**Action item:** Print the listing exactly as it stands, and skip any pictures in it.

**Stored data:**
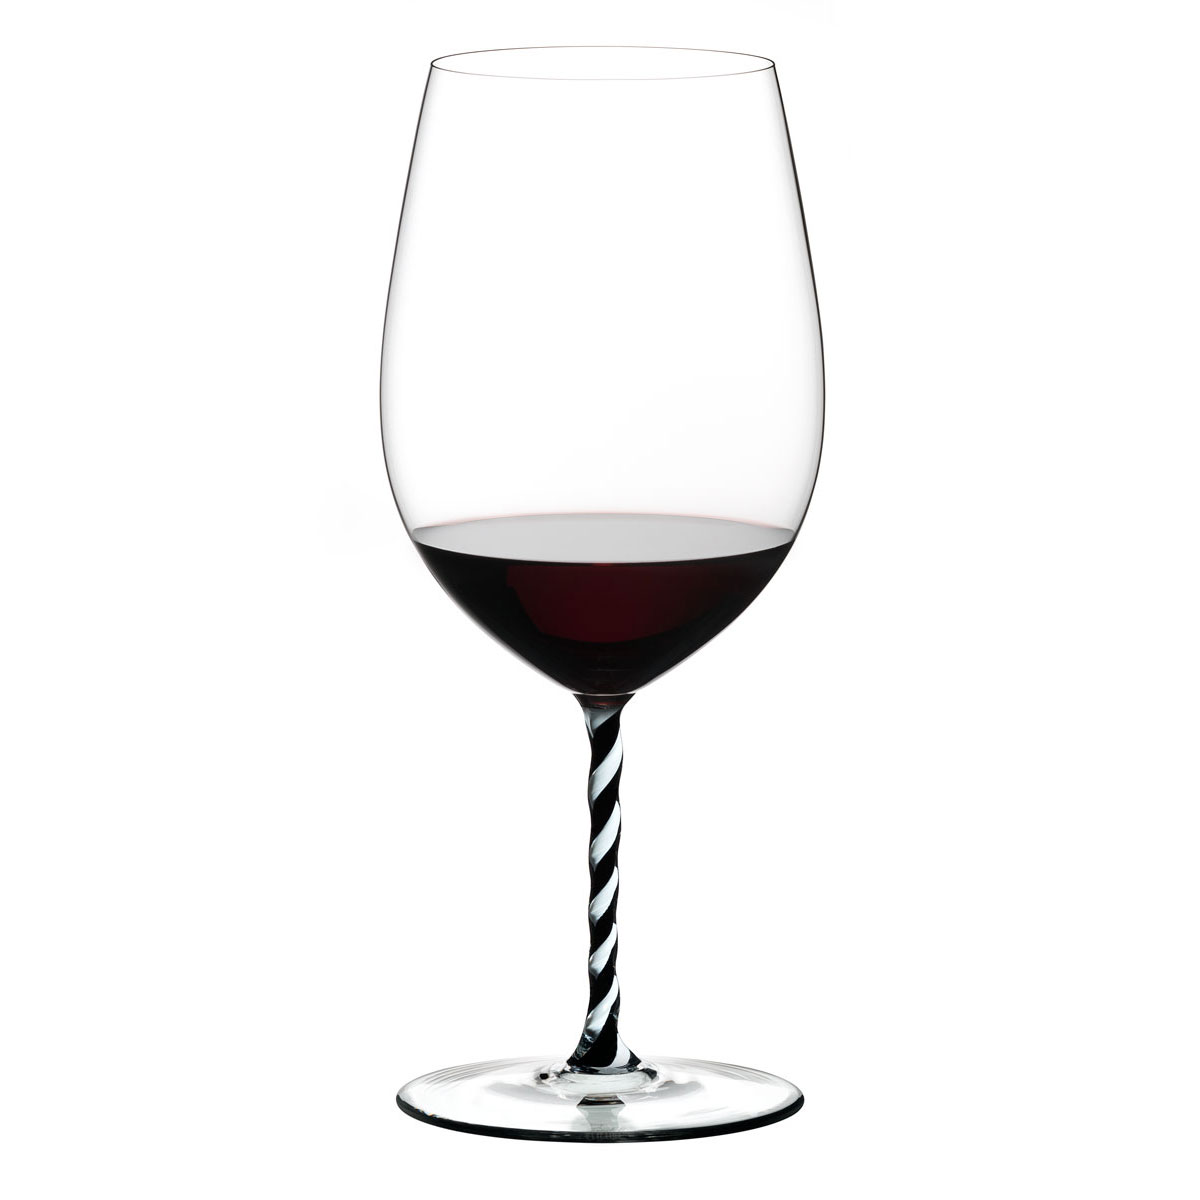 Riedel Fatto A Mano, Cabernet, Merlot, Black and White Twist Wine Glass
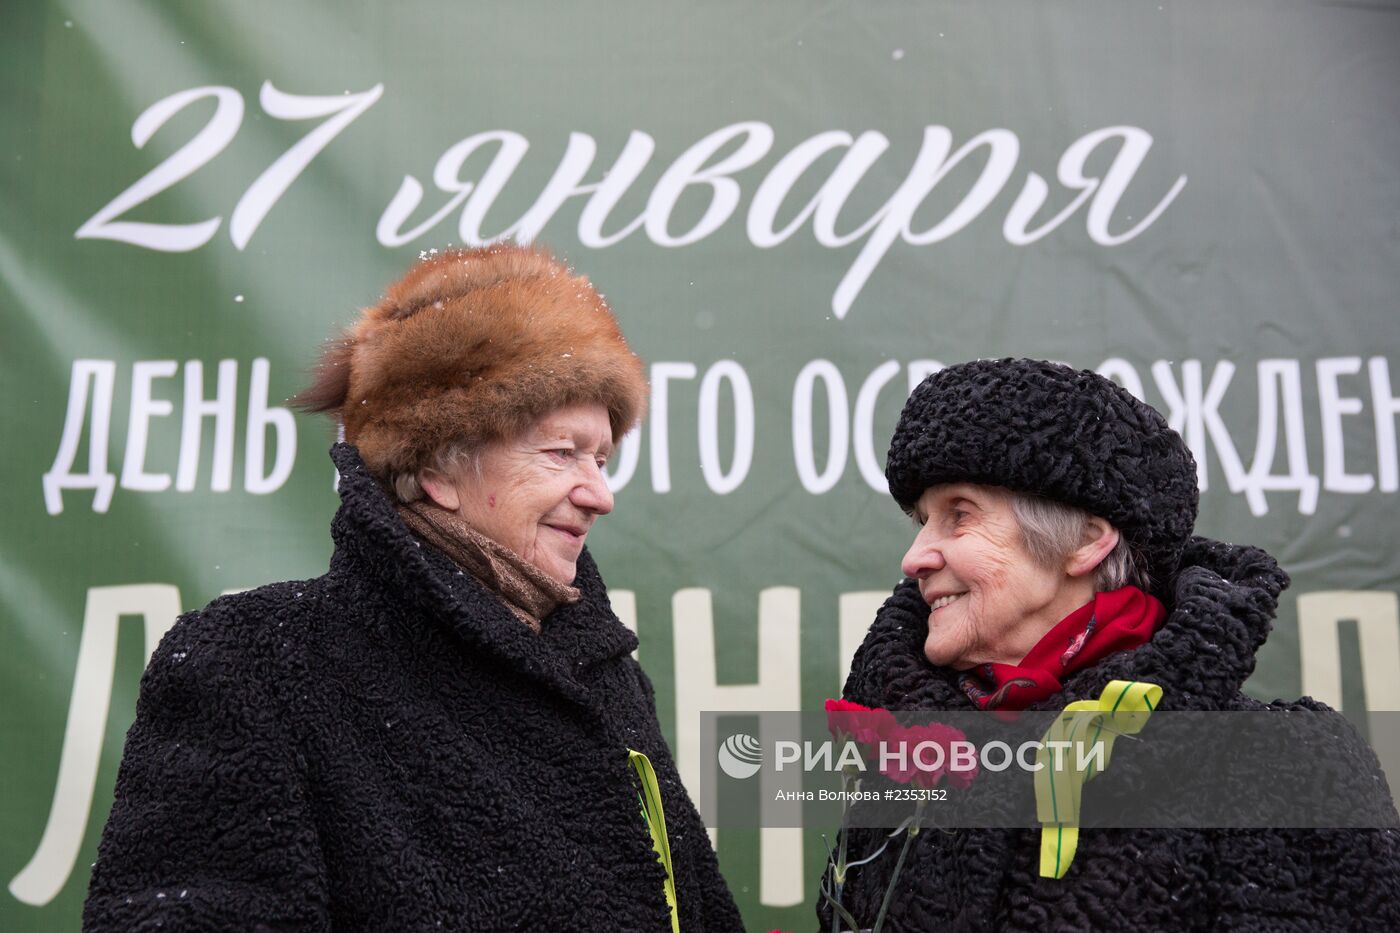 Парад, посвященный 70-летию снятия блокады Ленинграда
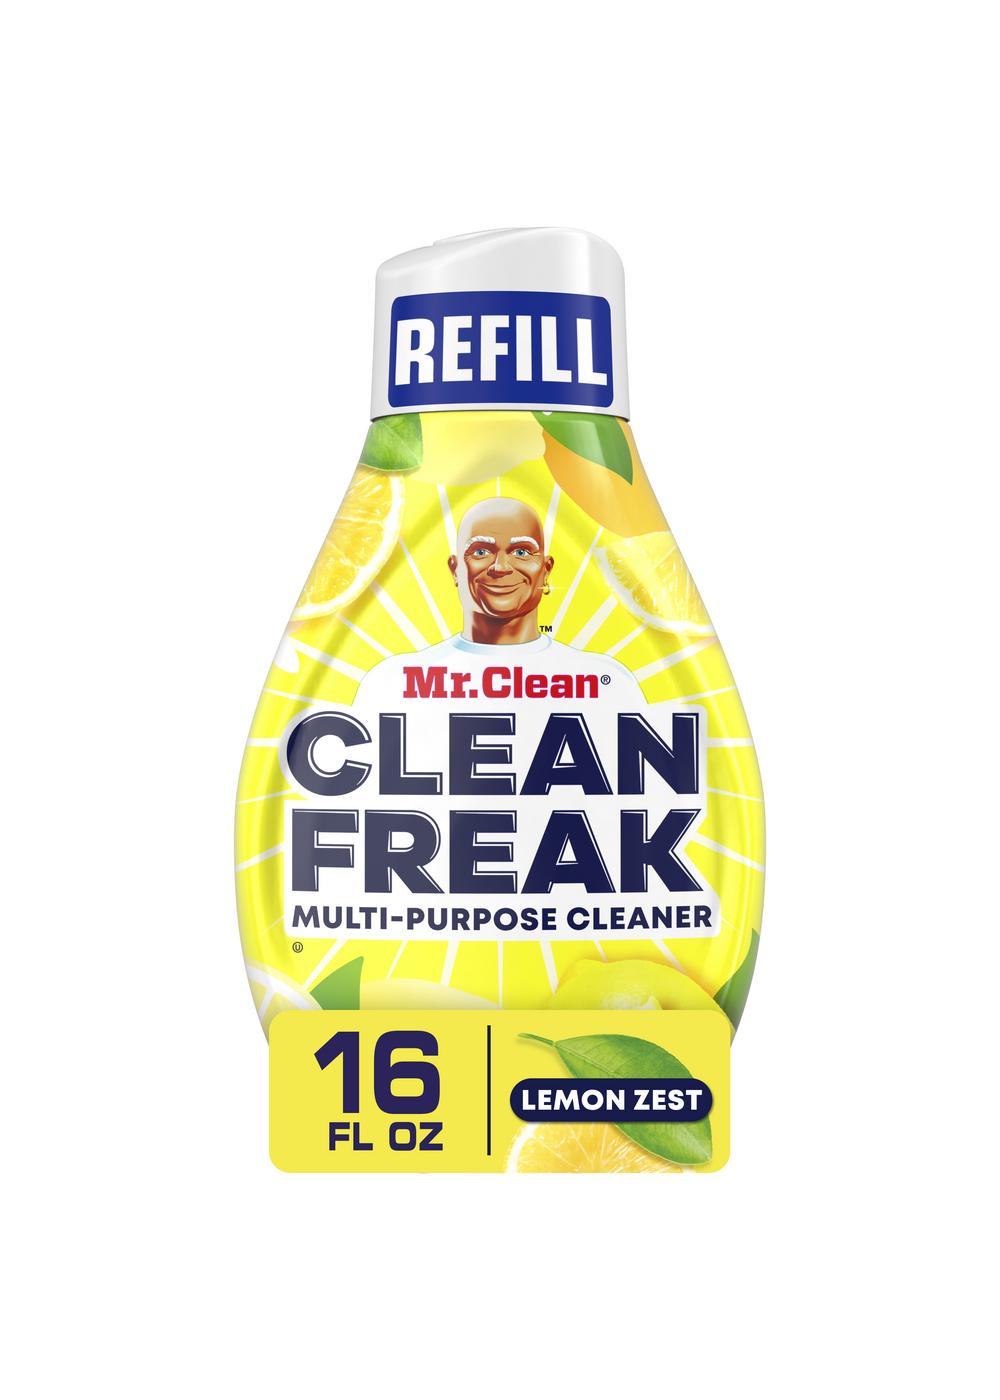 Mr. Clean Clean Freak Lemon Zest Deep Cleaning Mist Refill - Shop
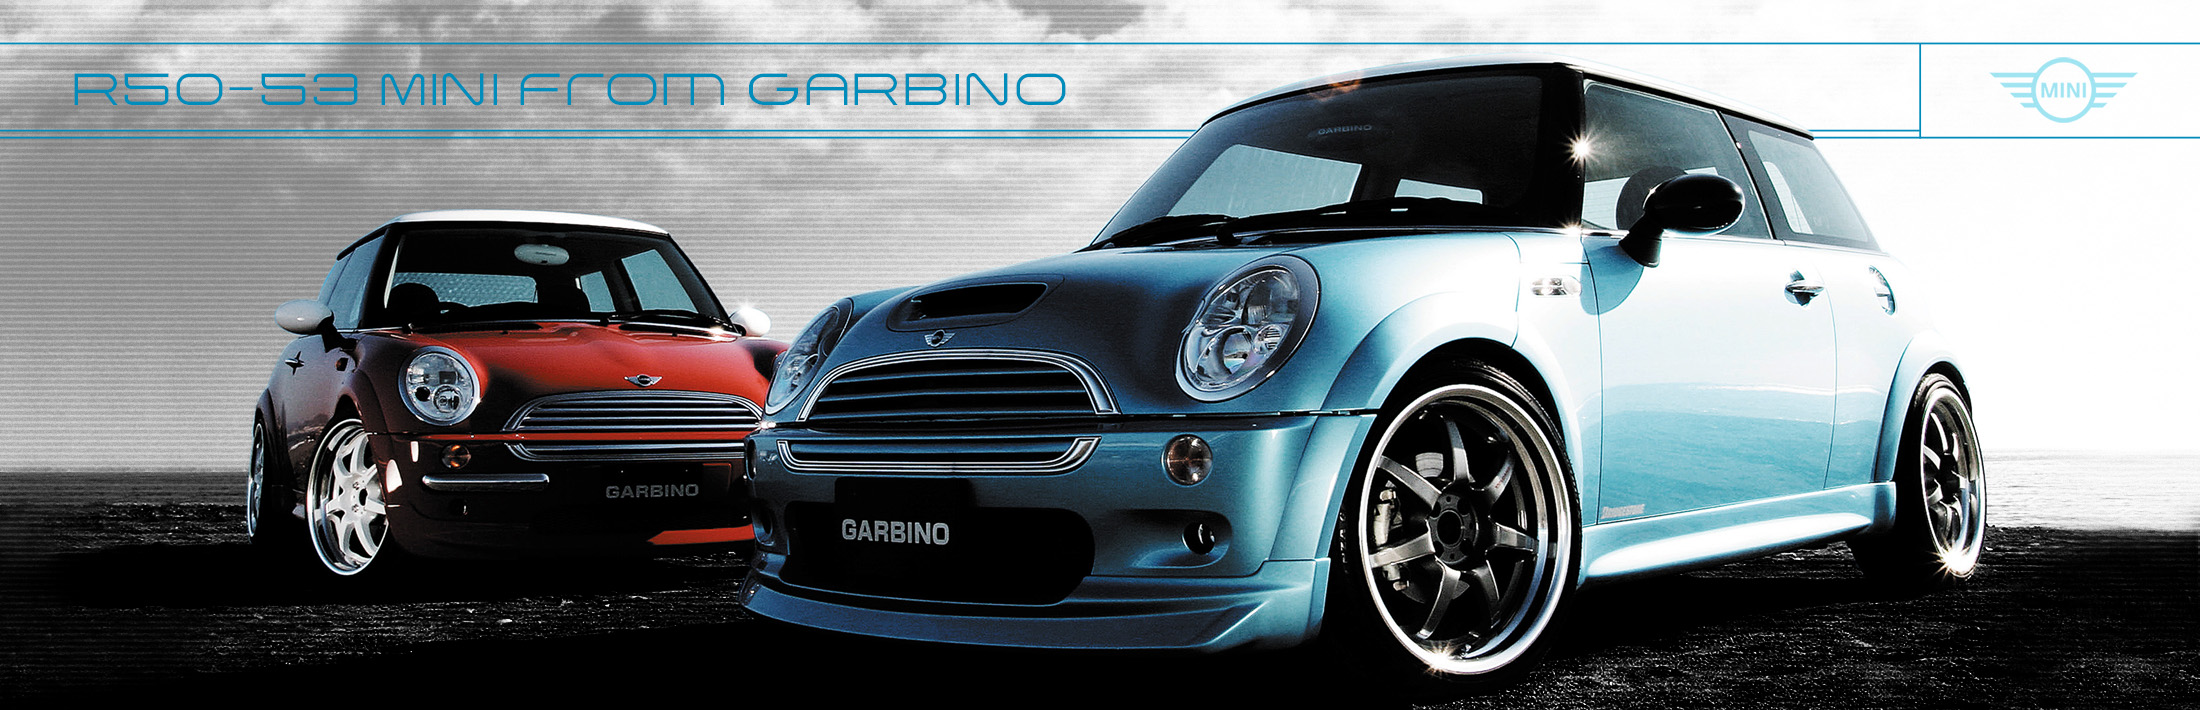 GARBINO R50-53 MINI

**Answer to this task:**
 Riedel Fatto A Mano, Cabernet, Merlot, Black and White Twist Wine Glass
 Парад, посвященный 70-летию снятия блокады Ленинграда
 Mr. Clean Clean Freak Lemon Zest Deep Cleaning Mist Refill - Shop
 GARBINO R50-53 MINI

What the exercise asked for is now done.